逐辛流並未多說話,自顧自地給褚燕曰夾菜,把對方愛吃的通通都夾進碗裏。直到褚燕曰把話說完,低頭一看,才發現自己碗裏的菜已經堆疊得和山一般高,猛然用手肘狠狠捅了他一下。

“你做什麽?生怕餓著我了?叫人看笑話。”他小聲地罵道。

逐辛流無辜地又添了一筷子:“怕你吃不夠。”

註意到這邊的藏玟噗嗤一笑:“辛流對燕曰真的很好呢。”

褚燕曰有些不好意思,耳根紅紅的,瞬間將頭埋下去,認真吃他碗裏高高的菜。

逐辛流確實待他挺好的,好到他都不知道做什麽,才足以回報這濃烈的好。

飯畢,碗碟被撤了下去。褚燕曰先行洗漱,躺到了床上。還有些時間,足夠他們好好休息一陣,養精蓄銳。

夜晚風大,他特意關了窗。風聲被阻攔在外頭,臥房裏靜悄悄的,一點聲音都不曾有。他在床上翻了個身,心裏並沒有躁動,反而非常平靜,平靜得就像是在面對家常事,沒什麽稀奇的。

然而他腦中早已思緒萬千。一會兒想到從前,一會兒又開始未來暢想勝利的時刻。外頭安不安靜他不知道,他只知道自己腦子裏挺熱鬧的,吵得他閉上眼睛都感覺周身圍聚了成百上千人。

“我會成功嗎?”

“我會成功的。”

兩句話不斷在他腦海中出現,消失,再出現,再消失,如此反覆。他被折磨得受不了,幹脆坐起身,打開窗戶,試圖讓晚風吹醒自己。

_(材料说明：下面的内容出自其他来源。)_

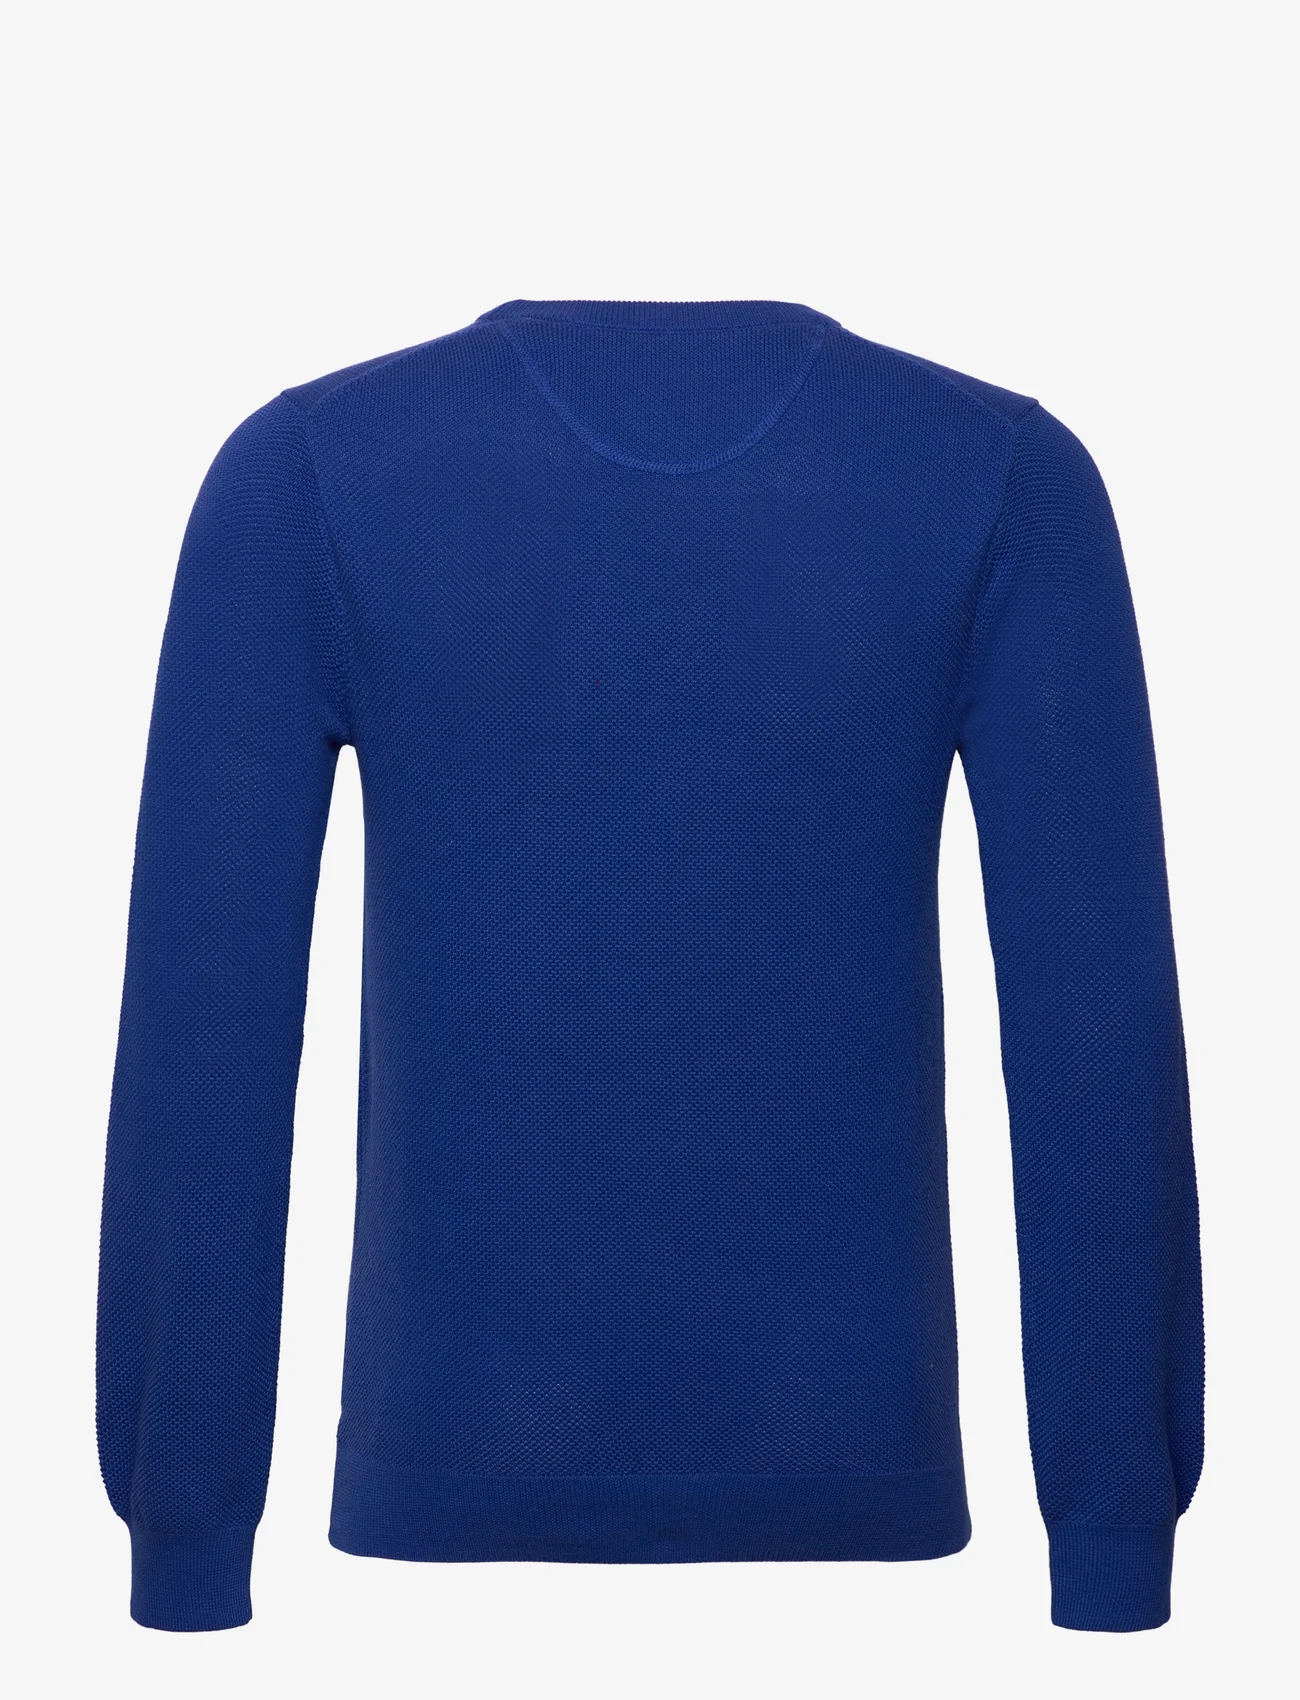 GANT - COTTON PIQUE C-NECK - knitted round necks - college blue - 1

這招居然奏效。腦海裏嘈雜的聲音在風的吹拂下一點一點消失殆盡,再也聽不見。他感到自己的肩膀溫熱的東西包裹著,扭頭一看,才發覺是逐辛流不知什麽時候來到了他的身後。

“又睡不著了?”

“嗯。腦子裏亂得很,心倒是靜的。”

“你記不記得,小時候我們也曾這樣,在夜深人靜的時候開著窗,看著窗外的星星月亮?”

褚燕曰其實對小時候的事並沒有太多印象,就好像有人從他腦海中一把抹去了似的。不過自從在福生之地聽到逐辛流說起時,他還是能斷斷續續記起一些,只不過算不上太多。

“但今晚可沒有星星和月亮呢。”他擡頭看了看濃得如墨般的夜。

“今晚沒有,但你和我仍在一塊,這便夠了。”逐辛流佯裝生氣,“怎麽,難道我比不得星星月亮好看麽?”

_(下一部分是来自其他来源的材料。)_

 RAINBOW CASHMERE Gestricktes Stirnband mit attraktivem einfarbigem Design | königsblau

褚燕曰捂嘴笑笑:“那自然是你好看。星星月亮都不及你。”

逐辛流這才滿意地哼了兩聲,將腦袋湊到對方頸窩,蹭了兩蹭。

“怎麽心性越發得像孩子了,越長大越回去了。”褚燕曰無奈地碰碰他的腦袋,“曾經的你看到你現在的模樣怕是要笑掉大牙了。”

“笑便笑吧,反正是自己笑自己,也沒讓旁人笑了去。”

逐辛流含糊著。

兩人這麽一折騰,困意徹底沒了,頭腦跟著清醒不少。門外這時傳來藏玟輕輕的叩門聲,以及她極力壓低嗓子的聲音 。

“二位,到時候了。”

她換了一身勁裝,整個人看上去清爽幹練,同往常的氣質完全不同。頭發用帶子高高豎起,在腦後順成一個馬尾,英姿颯爽。

褚燕曰站起身,理了理衣服,用布將自己隨身佩著的劍擦拭得幹幹凈凈。

“那便走吧,事不宜遲。”

馬僅有兩匹,一匹給了藏玟,另一匹自然得由褚燕曰和逐辛流同乘。宗雲奔得飛快,帶起一陣風,吹得路邊野草搖搖晃晃的。

風打在臉上癢癢的,帶著涼意,還挺舒服。

平雲壤門前已陸陸續續趕來了不少人,他們皆穿著一席黑衣,佩好了武器,未免驚動他人,正蹲在一塊,安安靜靜地等候命令的發落。

夜裏靜悄悄的,平雲壤內眾多房屋已經熄了燈,看不清一點光亮。他們聚在平雲壤不遠處,這個距離既不會打草驚蛇,還能將內裏的情況盡收眼底,是個絕佳的地方。

褚燕曰為了避免晚上看不清,這會兒臉上沒綁著布條,他深思熟慮後才做出了這個決定。想了想不就是金瞳麽,沒什麽稀奇的,他們要看便看吧。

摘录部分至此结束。